I ignored the gill man and turned to the older man sitting on the other side of me. His thinning reddish hair was covered by a straw porkpie hat, and he wore an ancient wrinkled seersucker suit that he claimed was white but was really more on the yellowish side.

"Hey, Carl. How are things?"

Carl didn't look from his beer. Instead, he reached into his jacket pocket, removed a small folded newspaper, and tossed it down on the counter in front of me. I unfolded and smoothed it out. It was the latest edition of the Night Stalker News, the alternative paper of which Carl is the sole owner, reporter, photographer, printer, and distributor. Today's headline read: RICHTER AND KANTI STOP HYDE PLAGUE. Accompanying the story were photos of Devona, Darius, and me battling Hydes as we fought to reach the House of Dark Delights.

I turned to Carl, impressed despite myself. "How did you get these? We were in a another dimension, you know."

The young woman seated on the opposite side of Carl laughed. "You should know better than to expect Carl to reveal his sources!"

Fade is a petite woman in her early twenties with long brunette hair that hangs past her waist. She usually dresses in dance-club chic, and tonight she was wearing a ripped Sisters of Mercy T-shirt, thigh-high black boots, and a skirt so mini it was barely there. Her earrings were shaped like silver cobras, and they swayed back and forth from her earlobes, tiny tongues flicking the air, serpent eyes narrowed as they gazed upon the world with cold disinterest.

Varney looked over my shoulder at Carl's paper.

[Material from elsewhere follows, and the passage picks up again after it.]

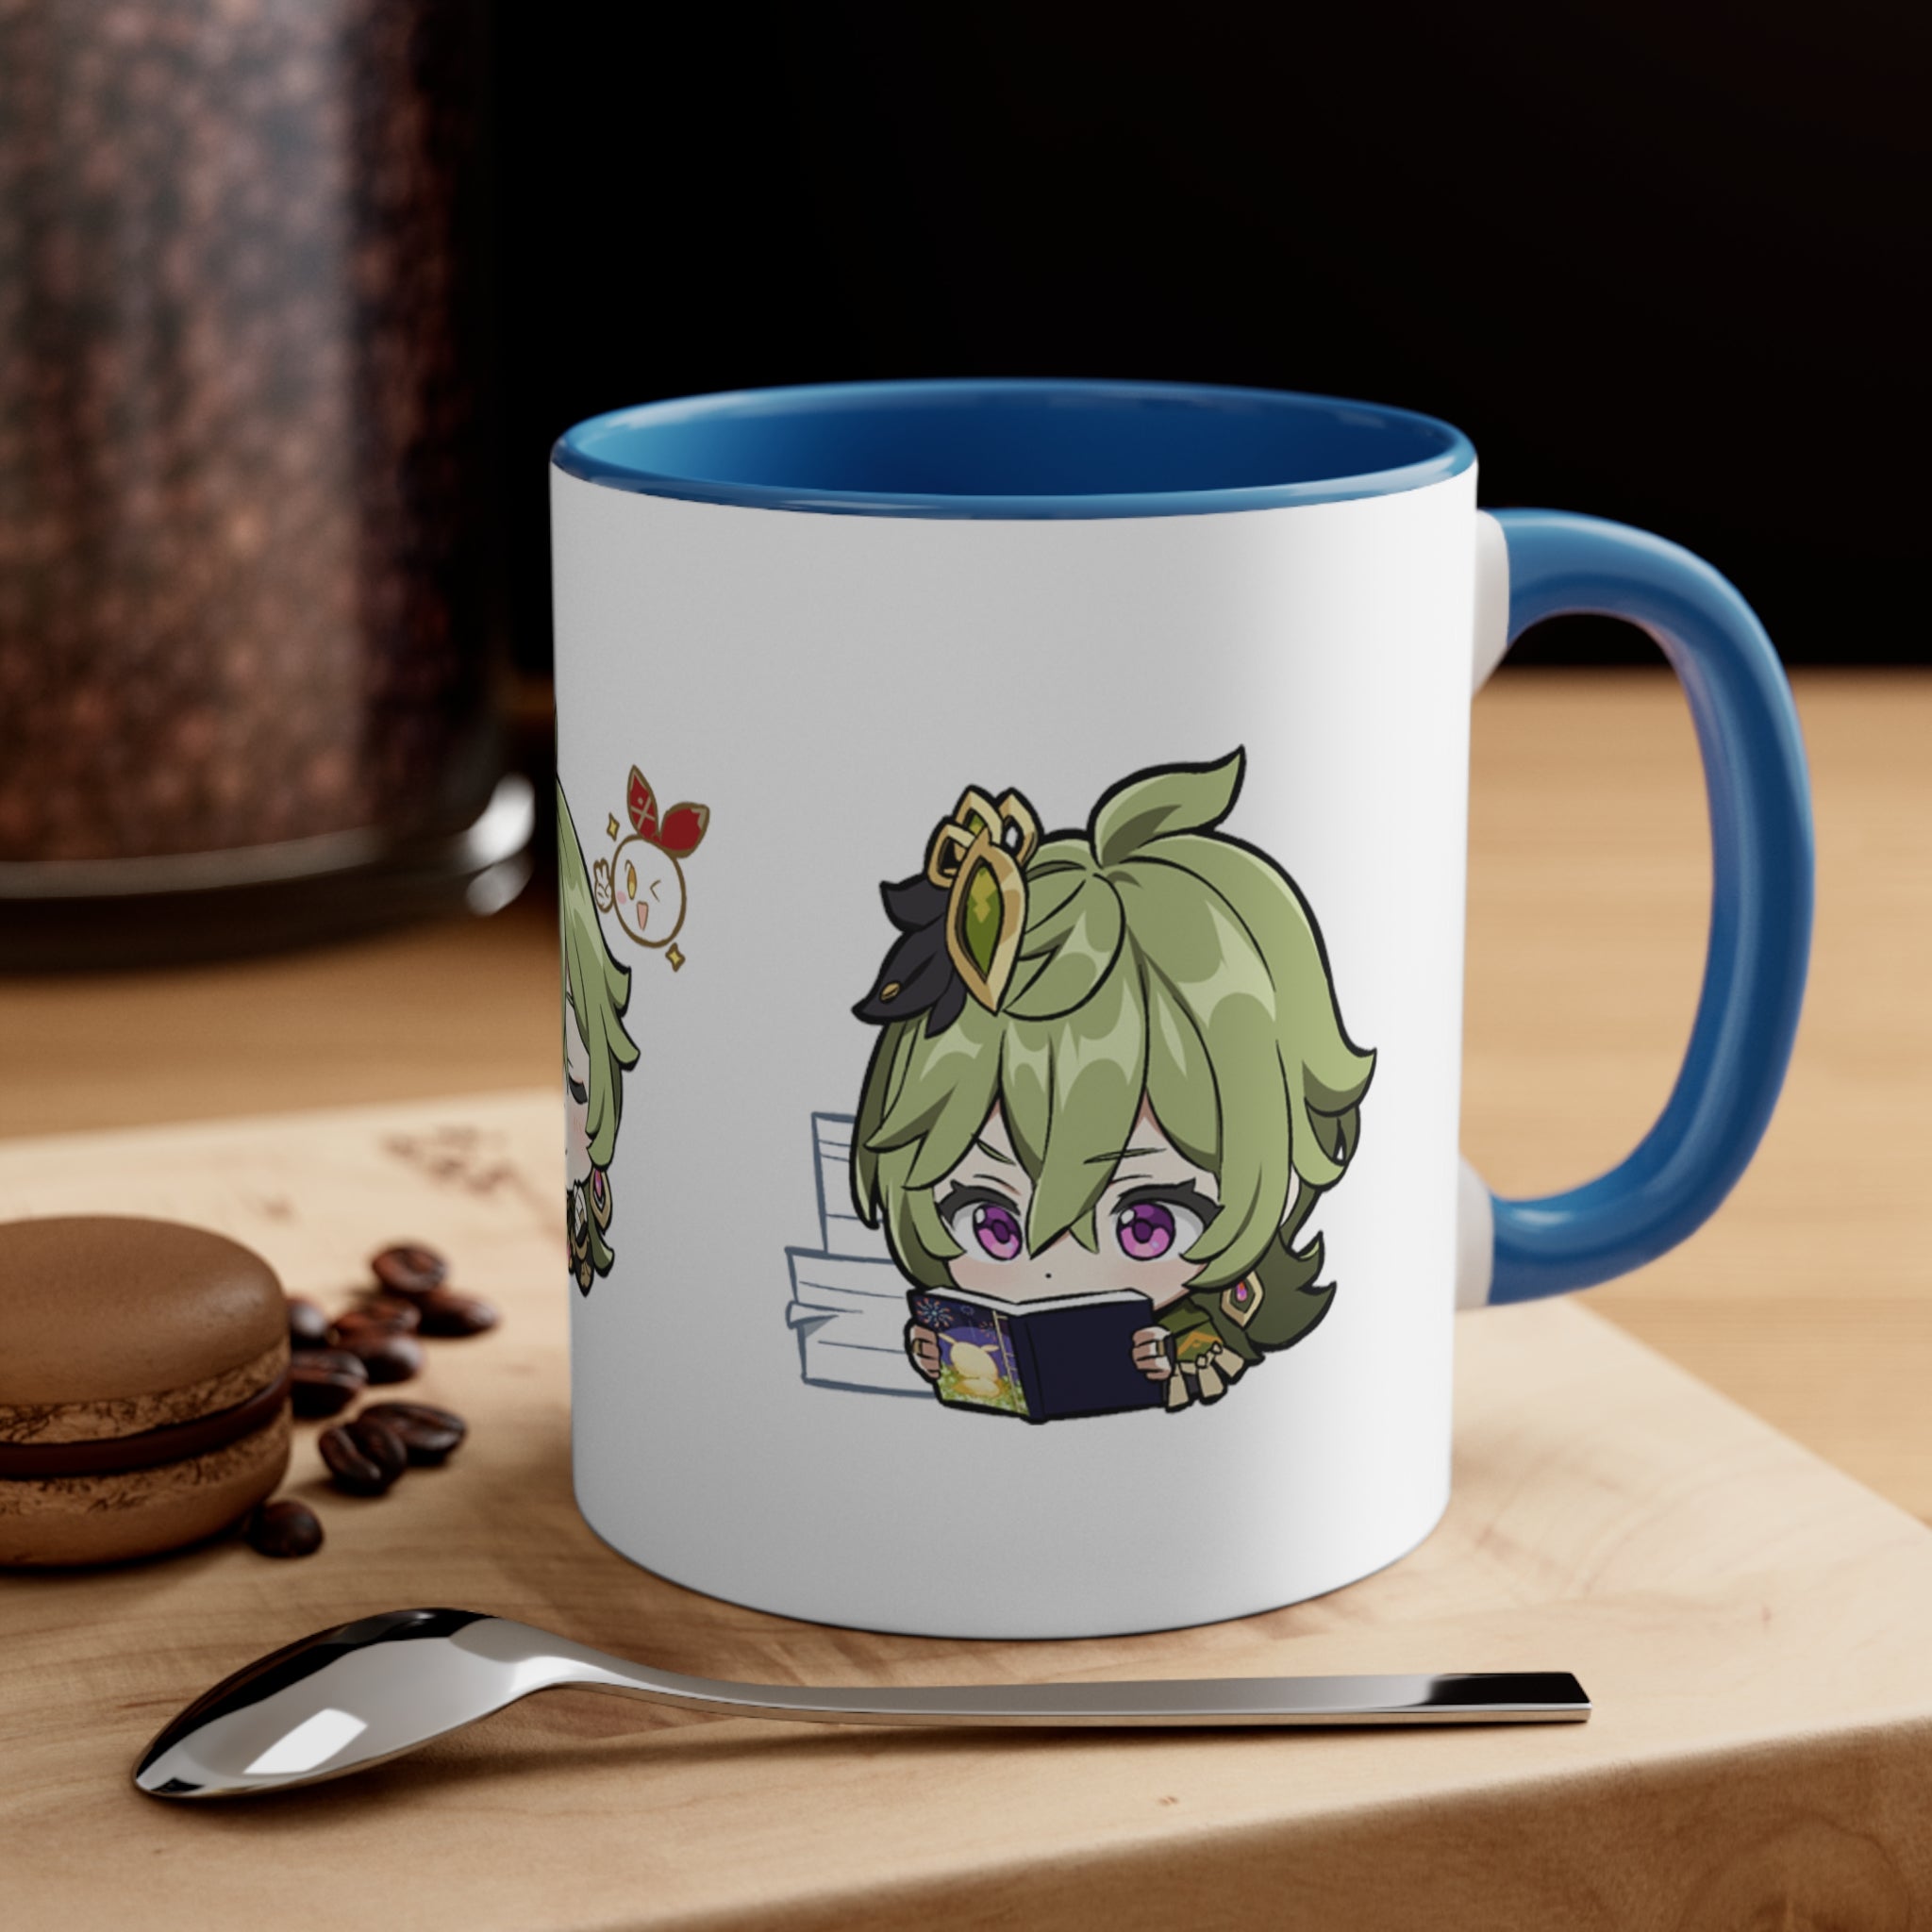 Collei Genshin Impact Accent Coffee Mug, 11oz Cups Mugs Cup Gift For Gamer Gifts Game Anime Fanart Fan Birthday Valentine's Christmas

"Dude, when my producer sees those photos, he's going to be even madder at me for not getting to go along on that trip!"

Now that we were in public, it seemed Varney had assumed his cover persona again.

Carl looked at Varney with more than a little disdain. "You Mind's Eye reporters are too used to letting your technology do the work for you. You need to rely less on cybernetic implants and more on good old-fashioned journalistic know-how."

There was something about the way he said this, though, an almost mocking tone that made me wonder if Carl knew Varney's hippy cameraman act was a lie. I wouldn't have been surprised. Back on Earth, Carl had been an investigative reporter who'd uncovered the existence of the Darkfolk and worked to expose them. His stories were ridiculed by the mainstream media, though, and eventually he found his way to Nekropolis, and he's lived here ever since, producing his own newspaper and exposing truths that more than a few rich and powerful citizens wish he would keep his damn mouth shut about.

Carl turned to Fade. "And you, my dear, should quit wasting your time with that silly gossip column of yours and start reporting some real news for a change." He finished the last swallow of his beer and slammed the mug down on the counter as if to emphasize his point.

Fade didn't seem the least bothered by Carl's criticism. "Not all of us are cut out to be crusaders, you know. Gossip sells papers, love, and in my case, the more readers I have, the happier I am."

Fade isn't a shallow fame-seeker. For her, having a large readership – and being a well-known personality about town – is literally a matter of life and death. She's reality-challenged. For reasons she's never shared, her existence is so uncertain that if she doesn't constantly reinforce her own reality, she's in danger of vanishing. Hence her name. That's why she spends so much of her time club-hopping, and why she writes the gossip column for the Daily Atrocity, Nekropolis' sleaziest and therefore best-read tabloid. I myself rarely read it, and when I do, it's only in the interest of professional research – I swear.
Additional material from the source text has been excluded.